Inhalt: Nobody experiences the world in just one dimension. This seminar looks critically at how gender, sexuality, racism and class form multiple, intersecting dimensions that shape individual experience, social structures and power relations. This ‘intersectionality’ or ‘multidimensionality’ informs the ways in which some people and some groups experience specific (often particularly egregious) forms of oppression, marginalisation or exploitation. However, the seminar also looks at how ‘intersectional’ or ‘multidimensional’ approaches have historically informed the ways in which such oppression, marginalisation or exploitation have been resisted. Throughout this course, we will look at how economic questions – i.e. questions of class and capitalism, waged and unwaged labour – shape gender, sexuality, racism and the ways in which these are entangled with one another. Students will engage with key works by Kimberlé W. Crenshaw, Roderick A. Ferguson, Patricia Hill Collins, Stuart Hall, the Combahee River Collective, Sara Ahmed, and Angela Davis.

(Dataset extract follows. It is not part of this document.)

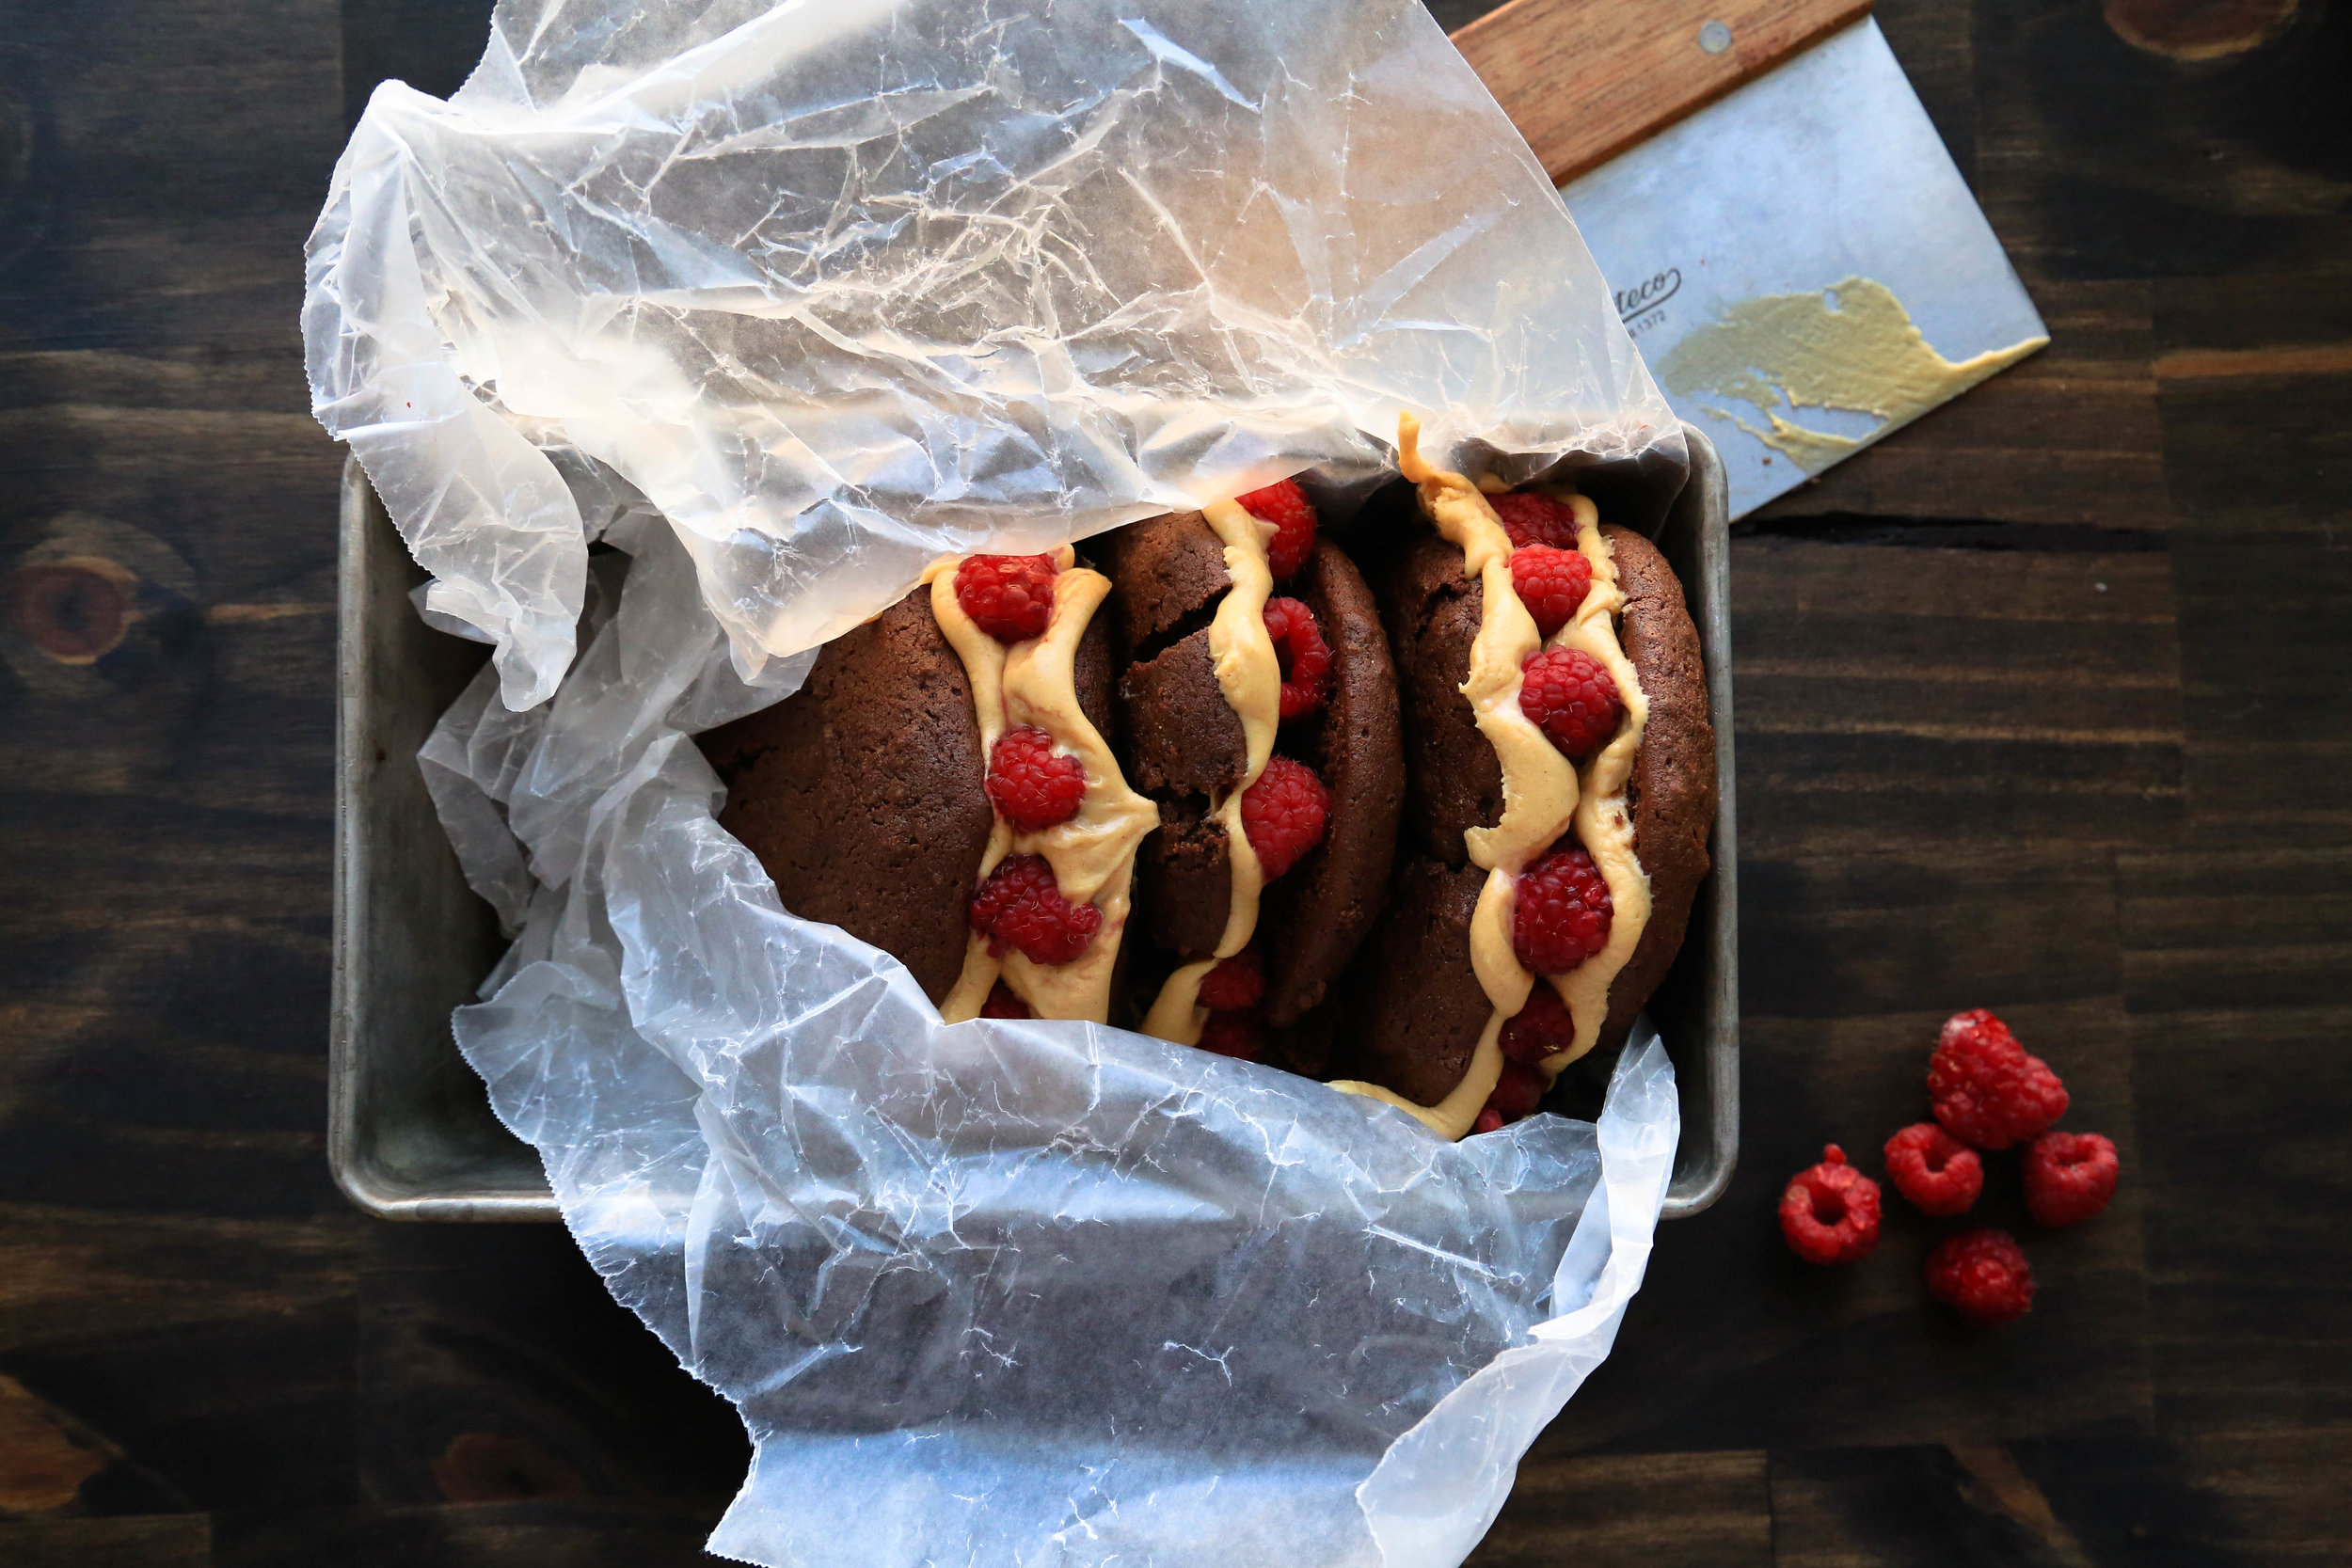 chocolate_sandwiches_frontpaige_04.jpg

Masterforum: Künste, Theorie, Kritik (Kolloquium)

Dozent/in: Ben Trott

Termin:
Einzeltermin | Do, 16.04.2026, 12:15 - Do, 16.04.2026, 15:45 | C 40.165 Seminarraum
Einzeltermin | Do, 21.05.2026, 12:15 - Do, 21.05.2026, 15:45 | C 40.165 Seminarraum
Einzeltermin | Di, 09.06.2026, 10:15 - Di, 09.06.2026, 15:45 | C 40.176 Seminarraum

Inhalt: It provides an opportunity for students embarking on their MA theses to present an outline of their projects, with the goal of receiving productive critical feedback – both from instructors and from student peers. In the first meeting of the Master Forum, Ben Trott will introduce some of the common issues confronted by those carrying out scholarly research or writing in Cultural Studies, the Humanities and the Social Sciences. This will include general questions, including: how to arrive at and formulate a research question and a suitable framework for your project; how to begin thinking about method and methodology, and starting to conducting research; and ways of referencing and of acknowledging the use of sources. Students are invited to sign up to present an outline of their MA thesis in the subsequent meetings of the Master Forum. Students can choose whther to present in German or English. Students are required upload a two-page summary of their project to myStudy one week before they are due to present. This should include: • a working title for your thesis as well as your research question; • the approach, method or methodology that you plan on using, and the theoretical framework or points of reference for your project; • what you anticipate discovering or arguing in your thesis; • and a list of up to five key works that you will use, along with any additional information about sources you plan on using – such as archives, exhibitions or interview partners. Students are asked to attend all sessions of the Master Forum, not the simply the session in which they will present, and to have read the two-page summaries ahead of time. Please be ready to provide your fellow students with productive critical feedback on their projects! The Master Forum is examined (pass/fail) as a combined scholarly work [Kombinierte wissenschaftliche Arbeit] made up of (a) your two-page summary and (b) your presentation.